Here is how it works. First, the MRG Entry is searched that has a term field whose value is <term>. If found, all <key>:<value> pairs are processed in the sequence they are specified. Processing a <key>:<value> pair consists of looking for a field named <key> in the selected MRG entry. We now have the following situations:

  • if the <key> field exists, and
    • if the <value> is not empty, then the contents of the field is overwritten by <value>;
    • if the <value> is empty, then the contents of the field is deleted;
  • if the <key> field does not exists, and
    • if the <value> is not empty, then a new field named <key> with the specified <value> is added to the MRG entry;
    • if the <value> is empty, then nothing is done.
Renaming examples
  • rename party [ status:accepted, glossaryText:"A natural person or a legal person" ]:

    • searches for the MRG entry whose term field has value party, and (when found)
    • changes (or creates) its status field to so that it contains accepted, and
    • changes (or creates) its glossaryText field to so that it contains "A natural person or a legal person".
  • rename party [ term:partij, formPhrases:"partij{en}", glossaryText:"Een natuurlijk persoon of een rechtspersoon" ]

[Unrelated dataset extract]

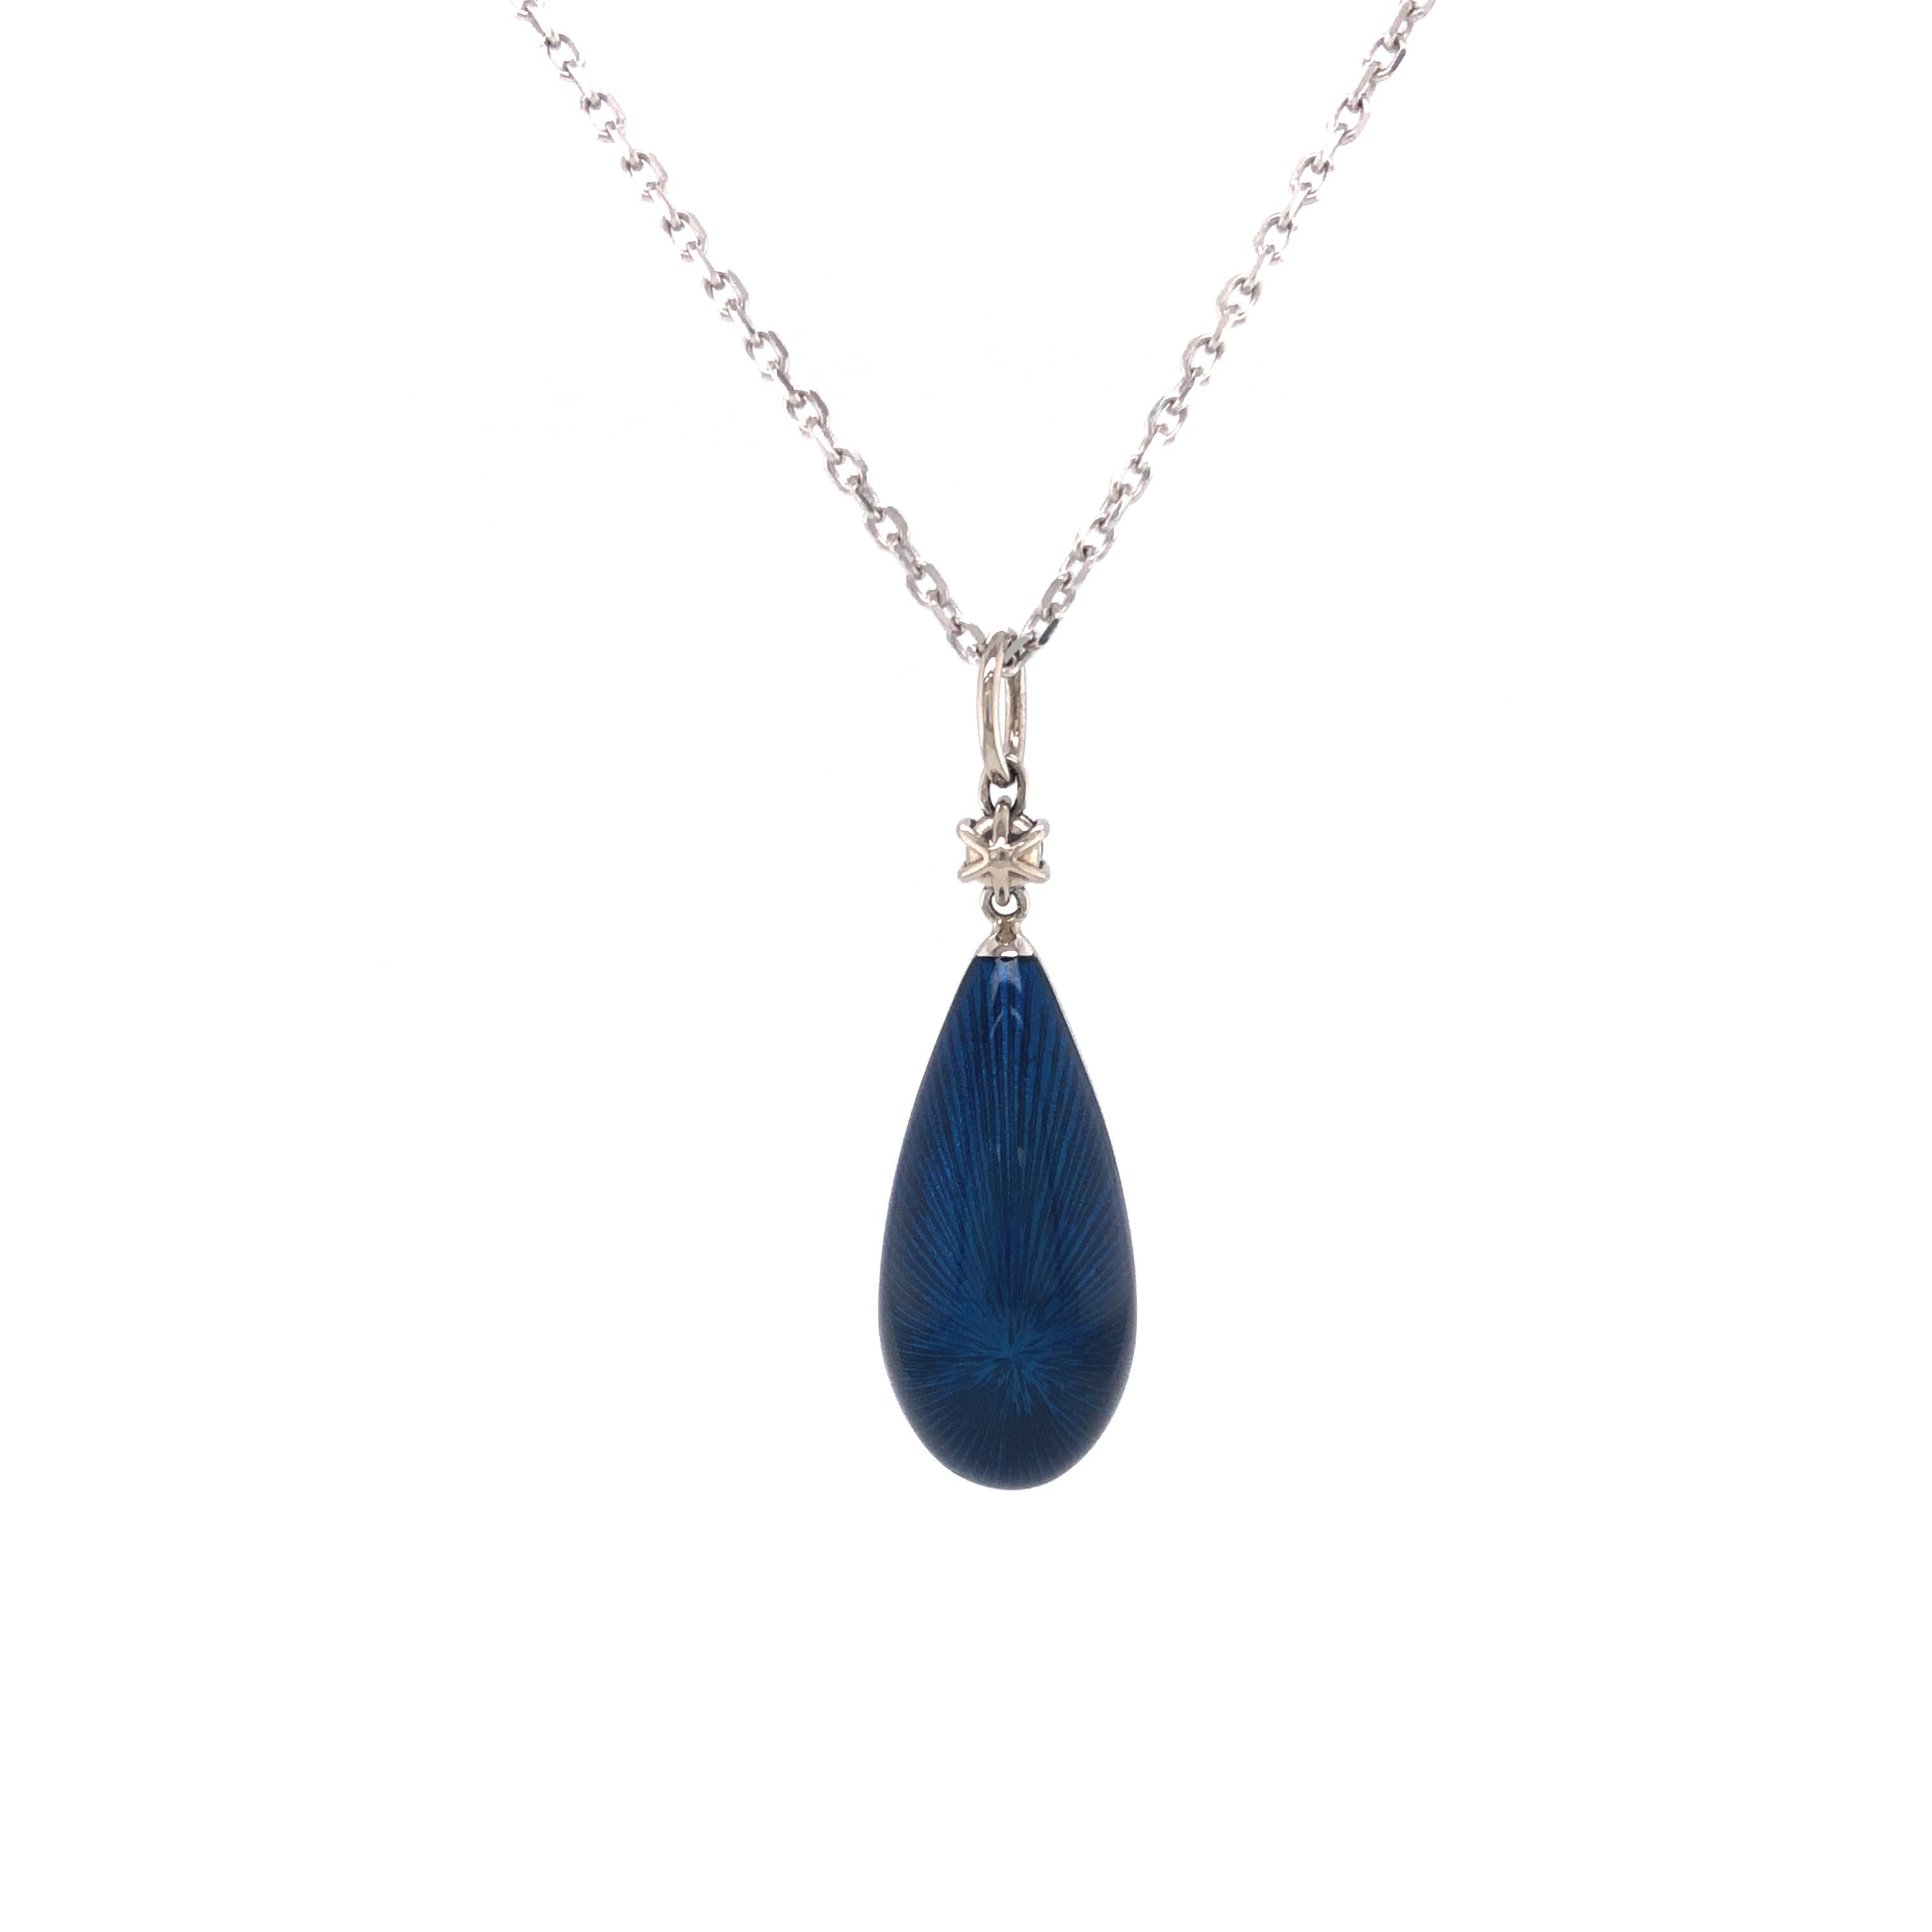 Brilliant Cut Drop Pendant Necklace - 18k White Gold - Blue Guilloche Enamel 1 Diamond 0.09 ct For Sale
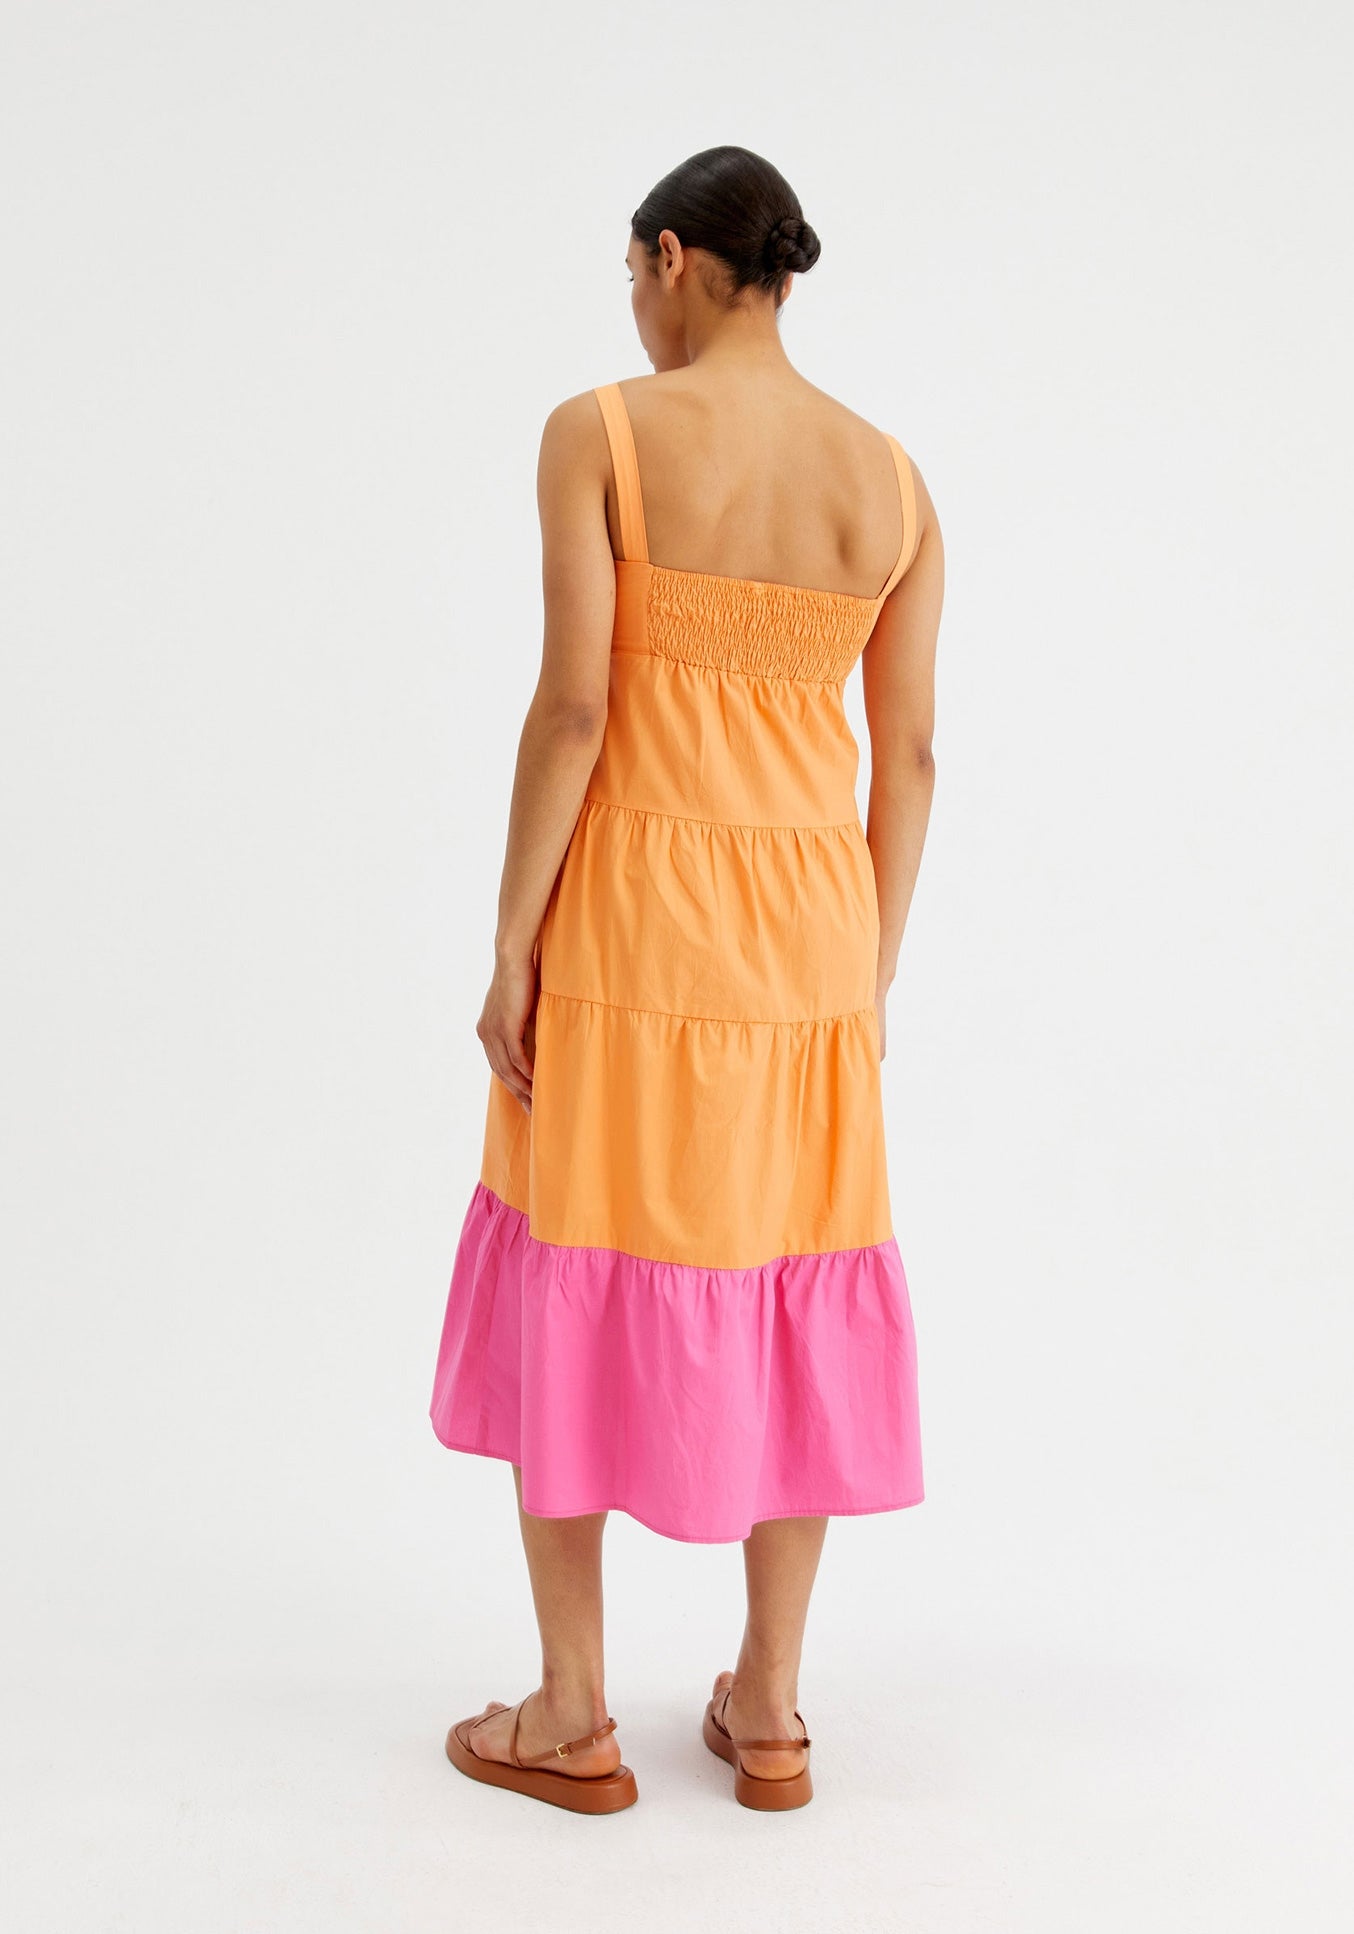 Compañia Fantastica - Pink & Orange Colour Block Summer Dress

    • searches for the MRG entry whose term field has value party, and (when found)
    • changes (or creates) its term field to so that it contains partij;
    • changes (or creates) its status field to so that it contains approved.
    • changes (or creates) its glossaryText field to so that it contains "A natural or legal person"
  • rename party [ glossaryText: ]

    • searches for the MRG entry whose term field has value party, and (when found)
    • removes the contents from the glossaryText field if such a field exists.

where:

symboldescription
<term>the term of the tuple that will be selected for renaming.
<fieldmodifierlist>a (non-empty) comma-separated list of <fieldmodifier>s.
<fieldmodifier>a <key>:<value> pair.
<key>a text that identifies a field in an [MRG entry], the value of which is to be changed, e.g. form-phrases, grouptags, etc.
<value>a text that will replace the existing text of the field identified by <key>.

This syntax is processed by first selecting the tuple (in the tuple set that is being constructed) that has the specified <term> as its term-field, and then sequentially processing the <fieldmodifier>s in the <fieldmodifierlist>, which means that the existing text of the field that is identified by the <key> element of the <fieldmodifier> is replaced by the text specified by the <value> element of that <fieldmodifier>.

Editor's note

The ability to rename terms as they are imported may introduce some issues related to other field-names, such as term, form-phrases, synonyms, glossaryTexts and possibly some others. Perhaps this syntax should therefore be extended, enabling curators to simultaneously change these (and other) fields in the MRG entry.


  1. Two (or more) MRG entries cannot have the same value in their termid fields. Therefore, if an MRG entry is added whose value in its termid field already exists with an MRG entry that is already in the provisional MRG, then this latter entry will be discarded, after which the new entry is added.